Traditionally this block is made with diamonds and Y seams and lives in catalogues under the 8 pointed stars with 45 degree diamonds sections!  Barbara Brackman has it listed in her Encyclopedia of Pieced Quilt Patterns as the Rolling Star block from 1932 (page 461 if anyone has this book. You can buy a digital copy from the American Quilter’s Society here).

Jinny Beyer in her book The Quilter's Album of Patchwork Patterns: More Than 4, 050 Pieced Designs for Quilters has the Dutch rose listed by the Ladies Art Company in 1897, making this design 117 years old! Not quite what you would call modern though in modern fabrics it just shines, doesn’t it?

It also goes by Star with Diamonds, Star of the East, Carpenters Wheel, Lone Star of Paradise, Morning Star, Double Star and Twinkling Stars. While having a rummage around the internet I found  a number of ways of making it.  Jinny Beyer has templates for 6”, 10” and 12” on her website here using the traditional method. McCall’s quilting has a 12” version using a specific colour layout and more modern piecing here and Double Nickel Quilts has way of making this block from Charm or 5” squares here. Did you know charms are called Nickel squares? 5 inch, 5 cents, makes sense to me!

My favourite that I found in my exploration is a Double Dutch Rose paper pieced pattern by Piece by Numbers. Definitely on my list to make!

A modification to the four corners of this block gives you the Star of Bethlehem from 1938 also called Jewels in a Frame and the Star of the Magi (ref. Jinny Beyer book above) and the Patterns from History website states there are 14 different star designs that use the Star of Bethlehem name including this one!

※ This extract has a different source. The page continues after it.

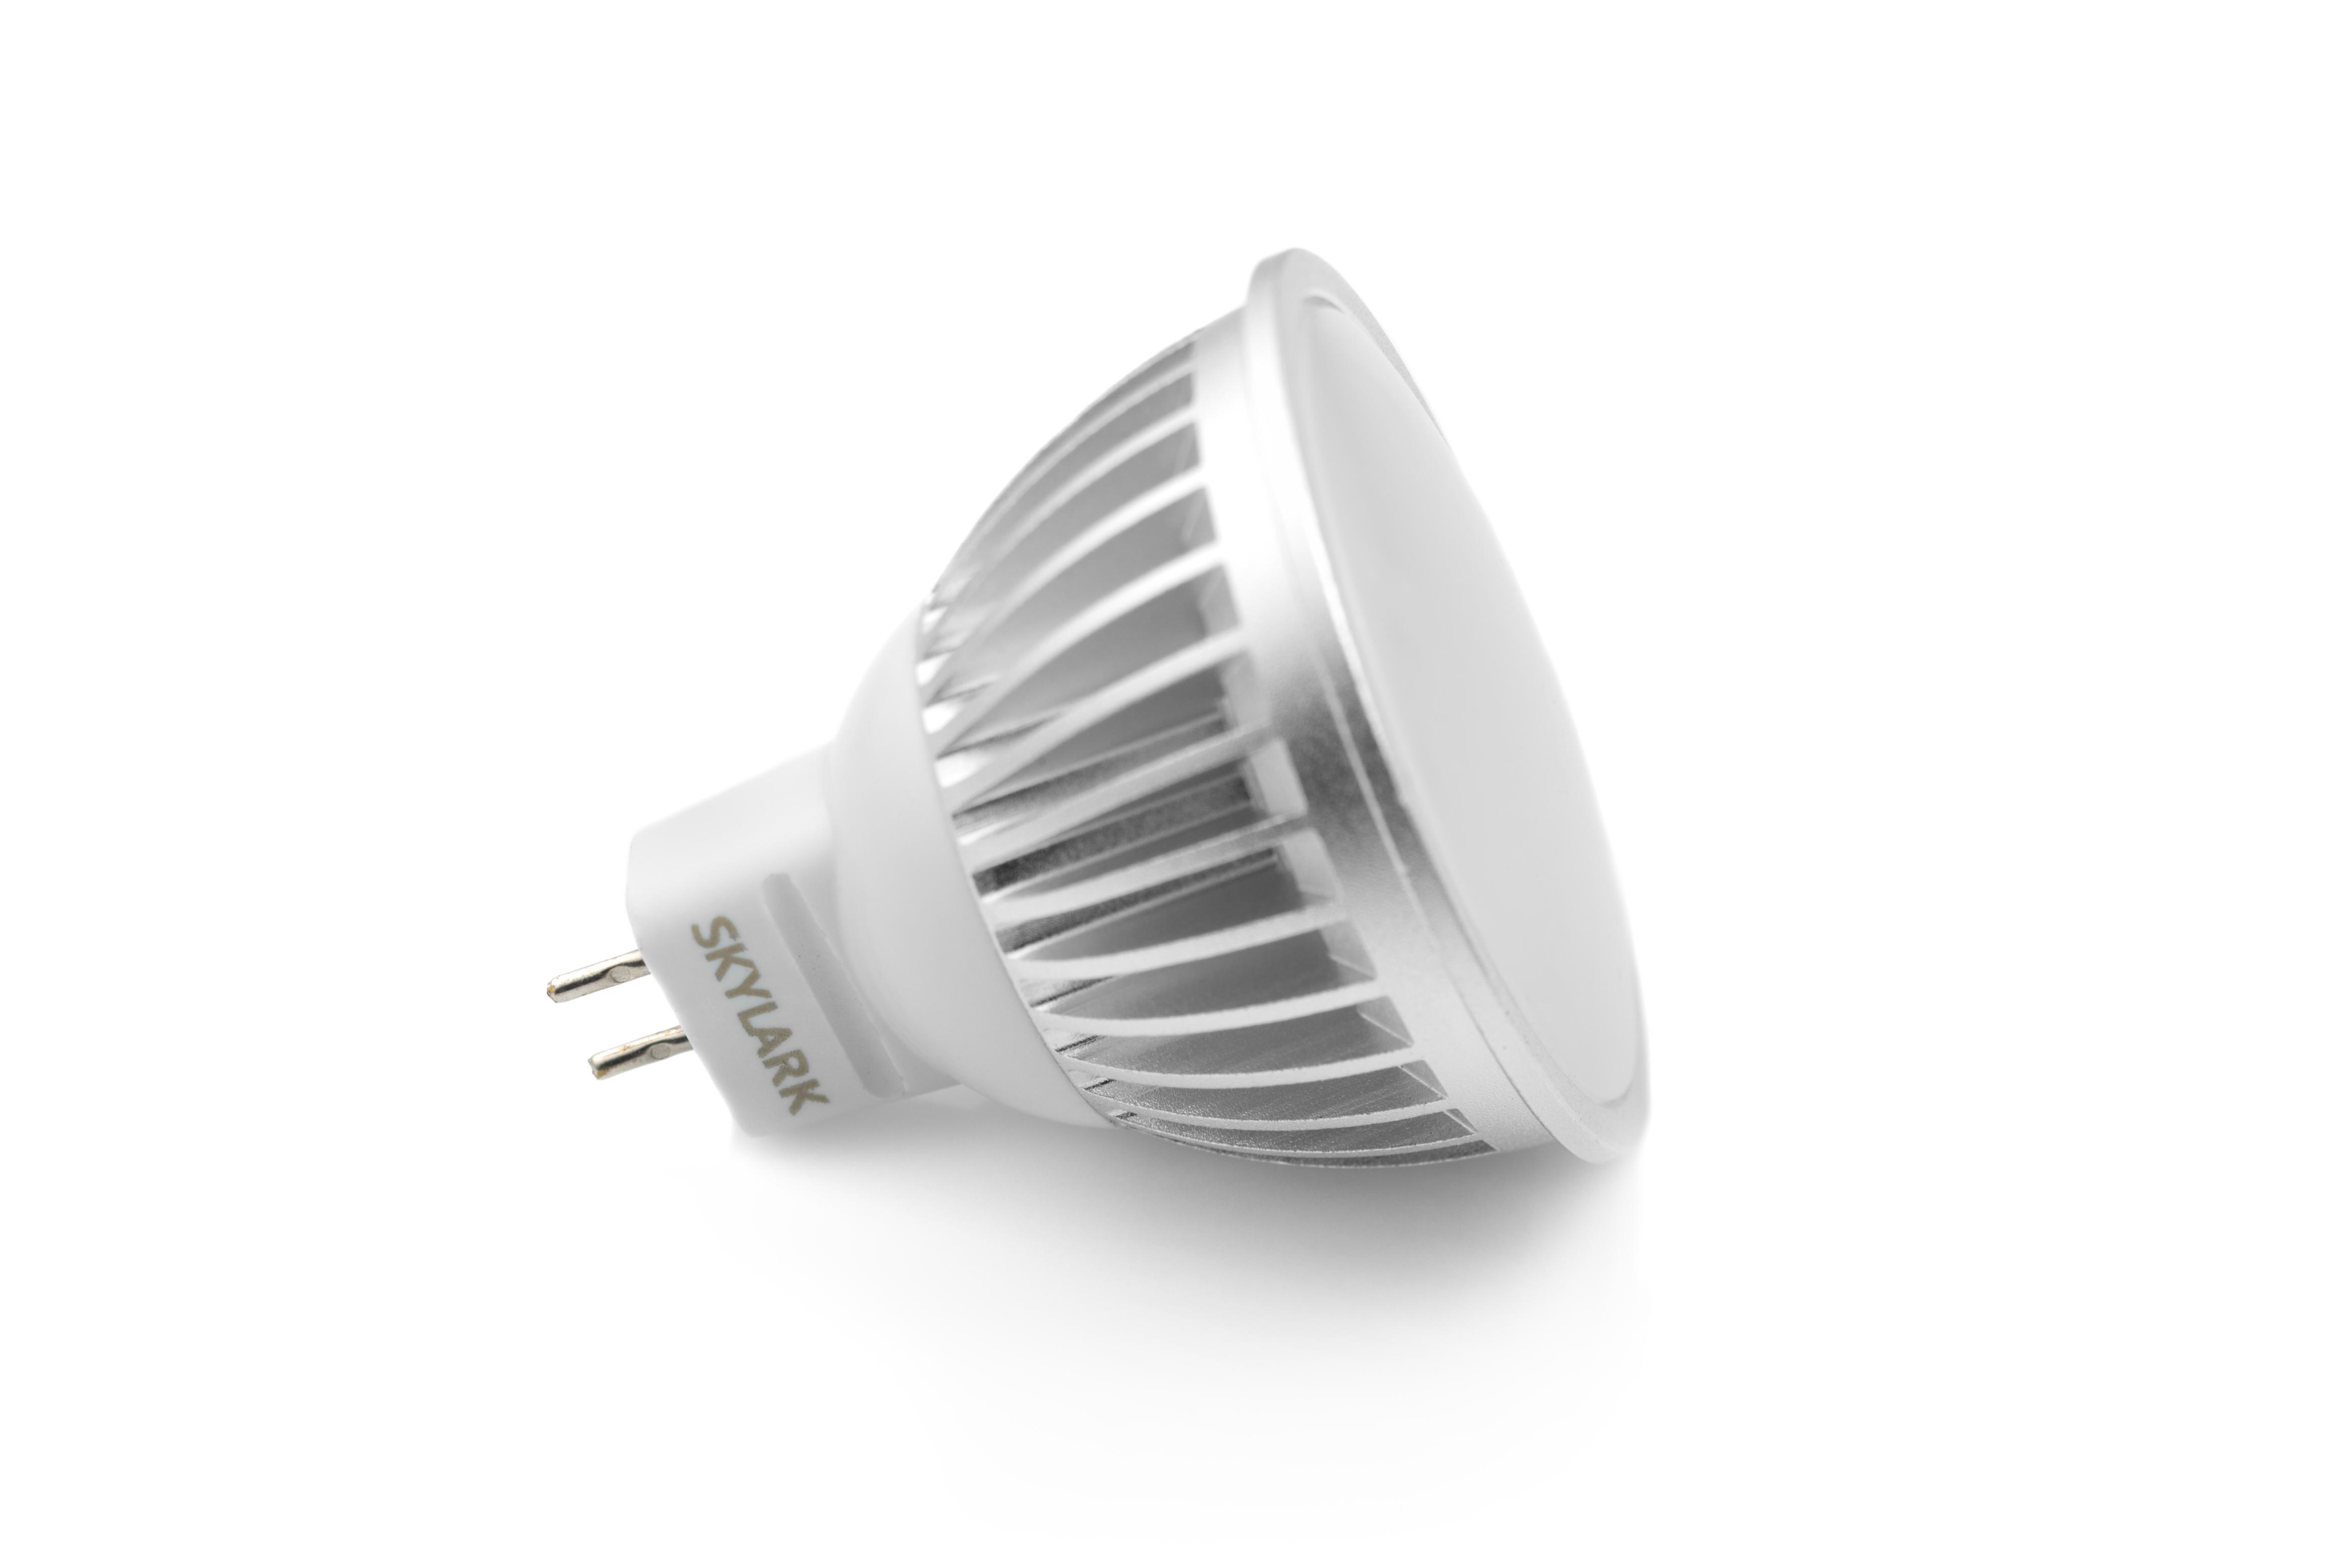 Лампа светодиодная SkylarkЛампы<br>Тип лампы: светодиодная, Форма лампы: дисковая, Типоразмер: MR16, Цвет колбы: белая, Тип цоколя: GU5.3, Мощность: 7, Цветовая температура: 3500, Цвет свечения: холодный<br>

Whatever version you choose or whatever name you choose to call them these 8 pointed star blocks are hard to resist. Moda has chosen a simplified version that can be made from Layer cakes (72”) Charms (32”) or mini-Charms (12”) and have given the pattern away for free here. There is a blog hop going on at the moment to showcase new Moda fabrics for Autumn/Winter here if you want to see some lovely versions of this block. I really like this one at Fresh Figs. The layer cake version seems like a great and quick way to piece a quilt top!

If you have any Swoon blocks or quilts to share we’d love to see them on IG (#modernirishquilters) or on our Flickr or Facebook pages.


Monday, 8 September 2014

July - August Show and Tell

Wow, where did the summer go?  Hope all had lovely holidays and for those of us who haven't had ours yet here's to ekeing out that last bit of Summer feeling before Autumn hits us full on.  It may have been quiet around here but some people were busy this summer.  Here's a roundup of the gorgeous projects shared on our Flickr and Facebook pages.

If you guys are on Instagram please tag with #modernirishquilters if you would like to share - we'd love to see what everyone is up to!

Don't forget Sew North Quilters Gathering & Workshops are on this month from the 11th to the 21st September.


Monday, 1 September 2014

Modern Irish {Scrappy} Bee: September Block

So, no sleeps now until it is my turn to be queen bee in the Irish Modern Quilt Guild Stash Bee. Big excitement, this is my first time in a bee and to be a bee mama. First though I will tell you a little about myself. I have always sewn and knitted, dolls clothes when I was little, my mum and I used to make things together. Then I progressed to making clothes and altering clothes, that's when I was young and slim. When the children were small and knitting went out of vogue, I took up quilting. That was great for ten or so years, but I felt stultified by the quilting rules and it seemed too fussy as my home became more contemporary. In the meantime I discovered my love of genealogy, gardening, scrap booking  and drinking wine. In between times I read books, lots of books, and baked occasionally.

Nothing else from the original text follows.